Supplied information >>

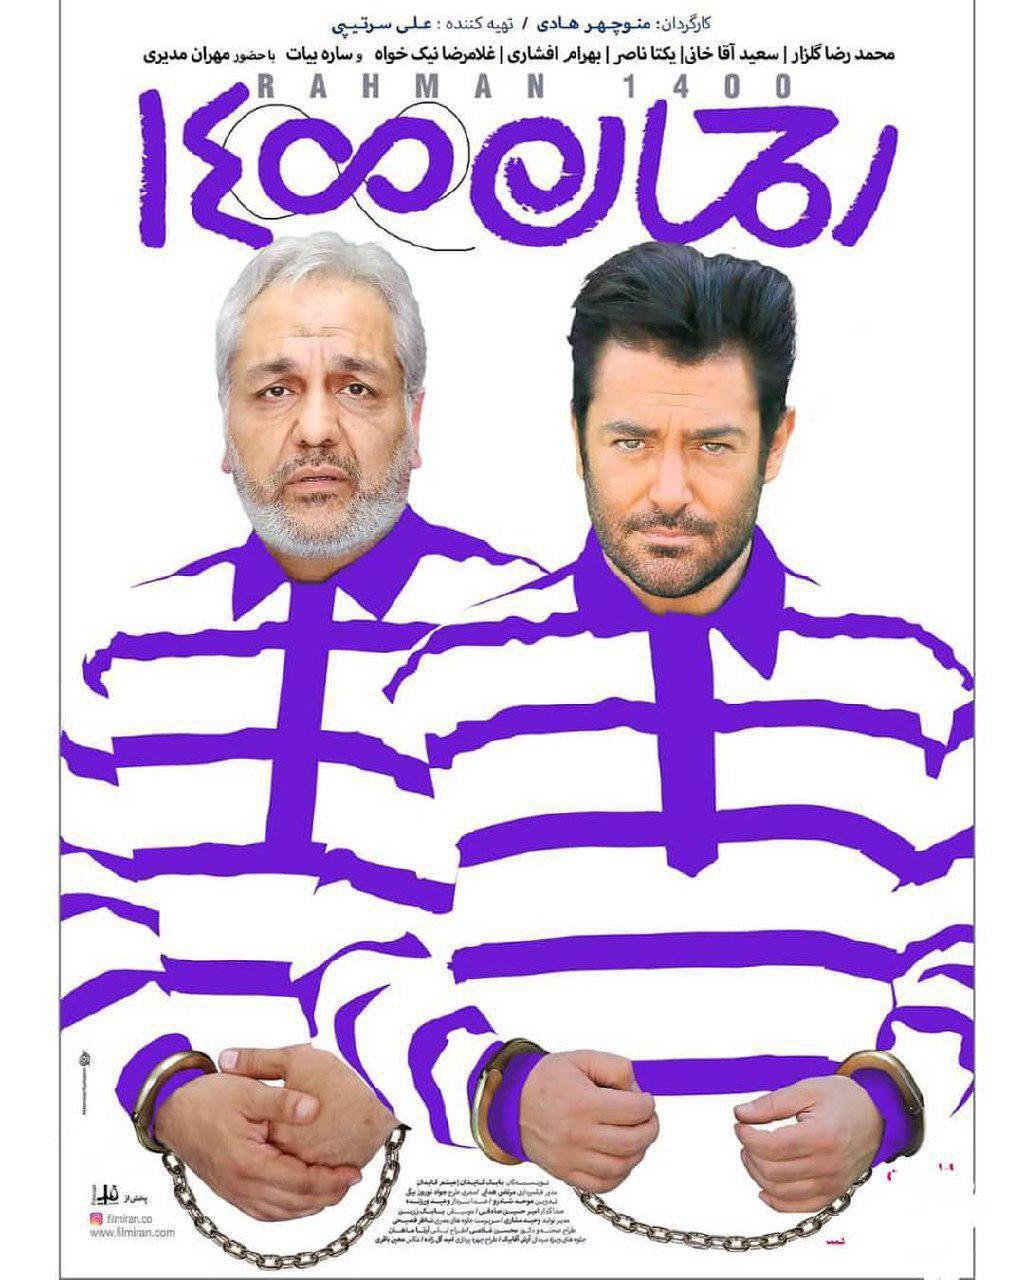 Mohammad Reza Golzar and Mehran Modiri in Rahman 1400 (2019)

---

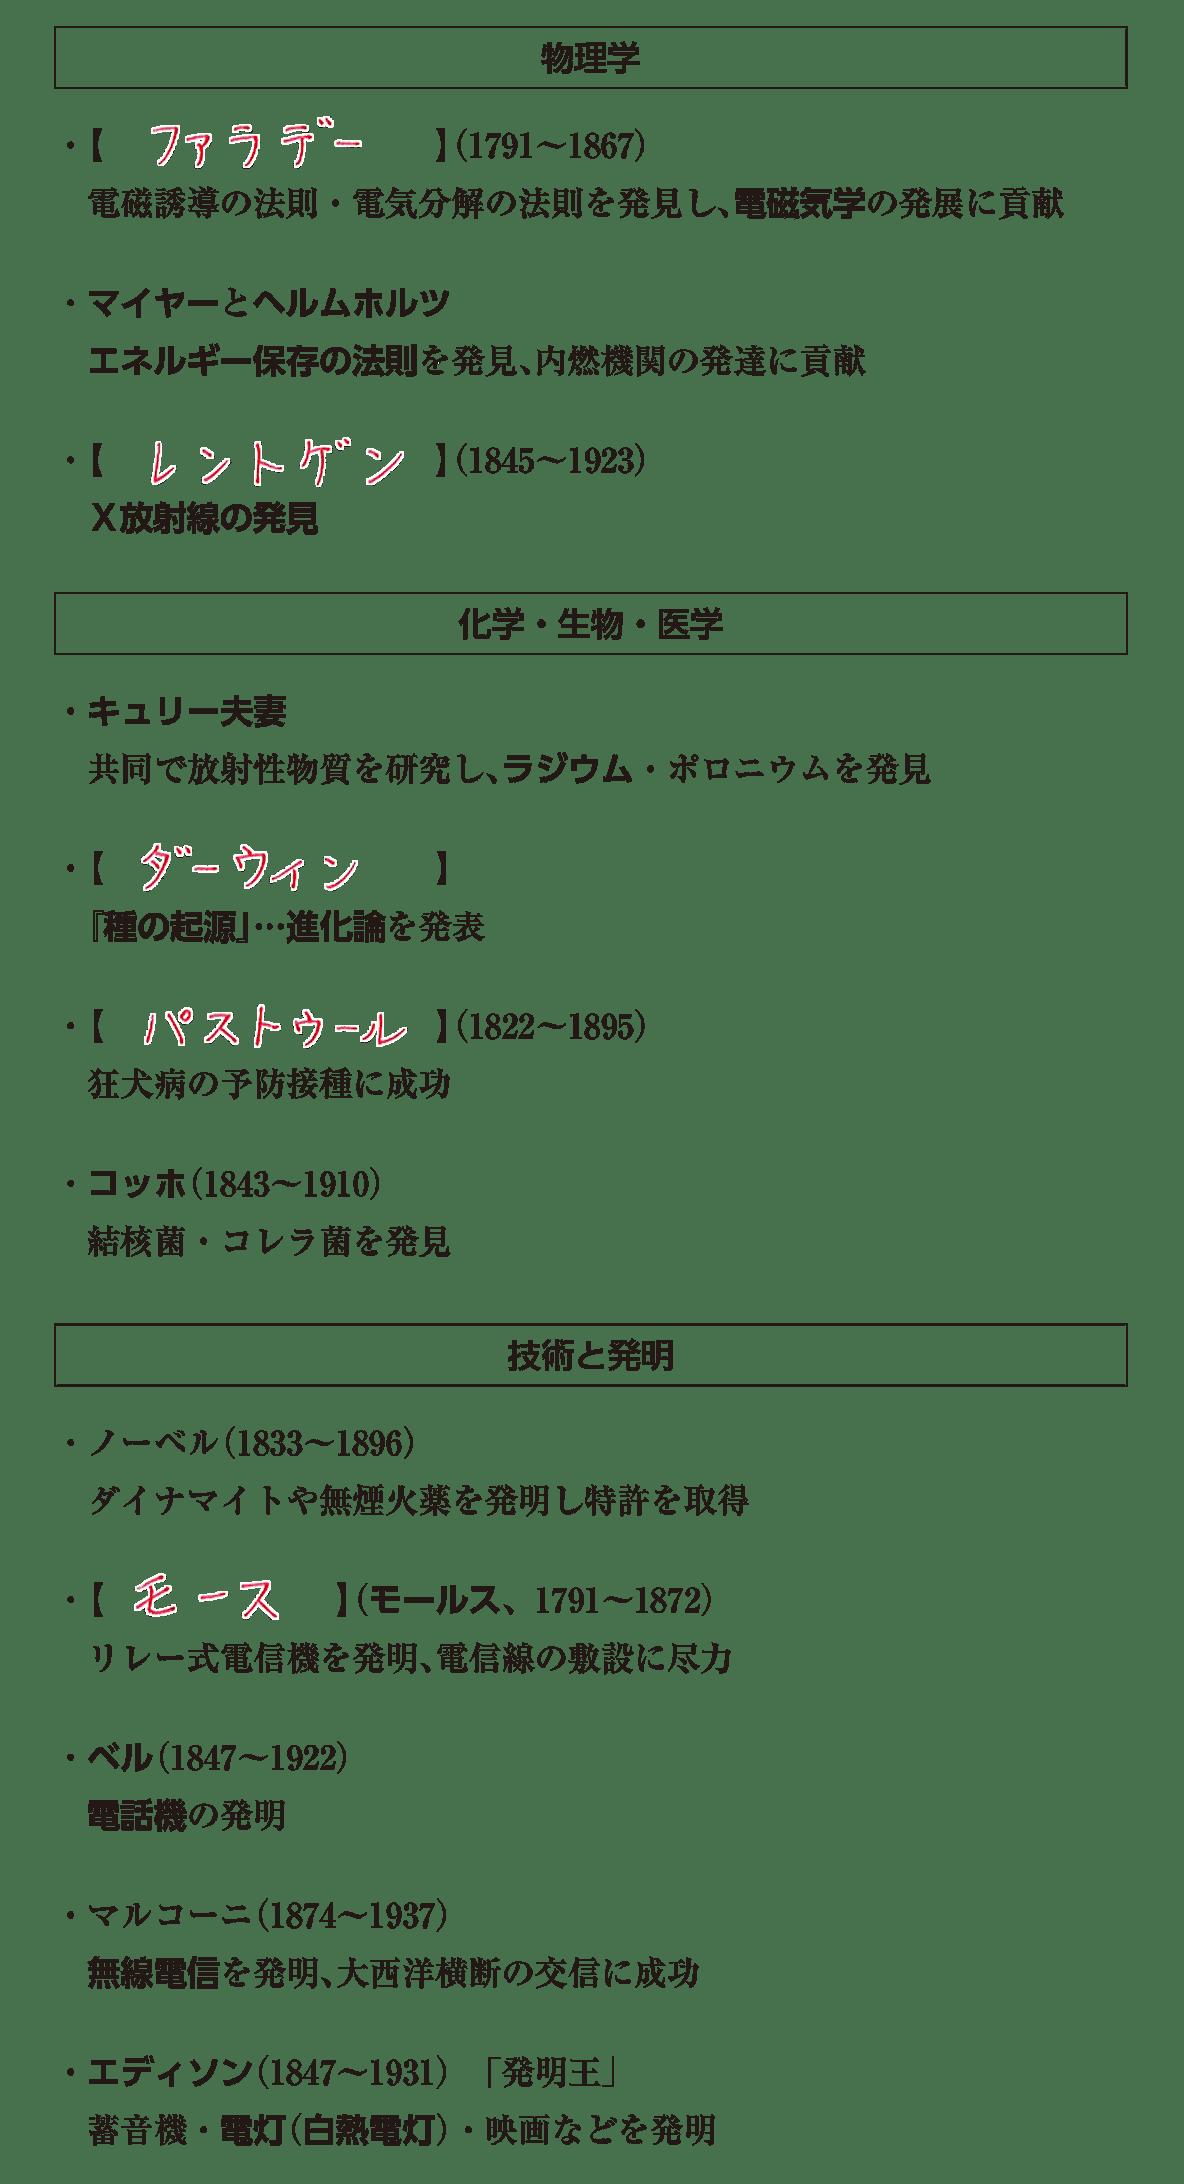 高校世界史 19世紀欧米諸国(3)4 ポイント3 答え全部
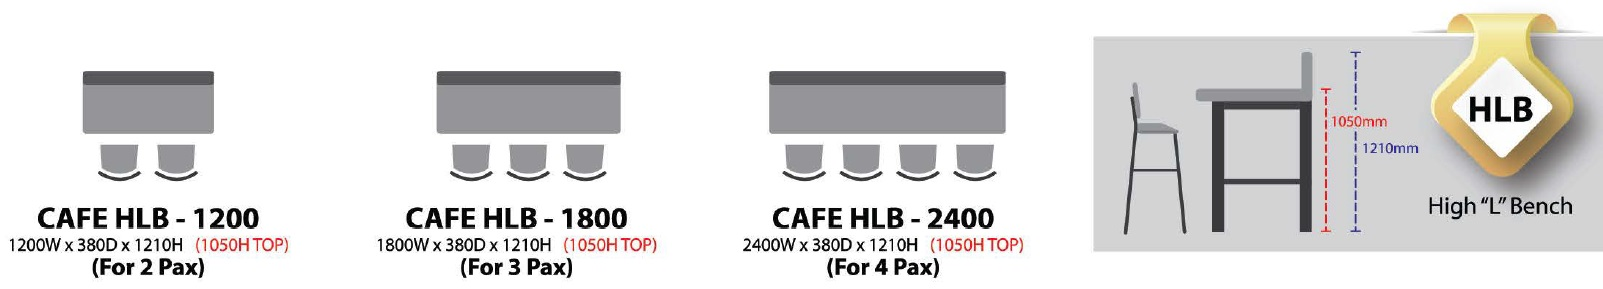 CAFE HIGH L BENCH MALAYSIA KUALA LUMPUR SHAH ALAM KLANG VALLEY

Problem requirements >> Repeat exactly the lines above, beginning at the one containing "高校世界史 19世紀欧米諸国(3)4 ポイント3 答え全部" and ending at the one containing "CAFE HIGH L". Do not carry over any pictures.

Task answer >>
 高校世界史 19世紀欧米諸国(3)4 ポイント3 答え全部
 CAFE HIGH L BENCH MALAYSIA KUALA LUMPUR SHAH ALAM KLANG VALLEY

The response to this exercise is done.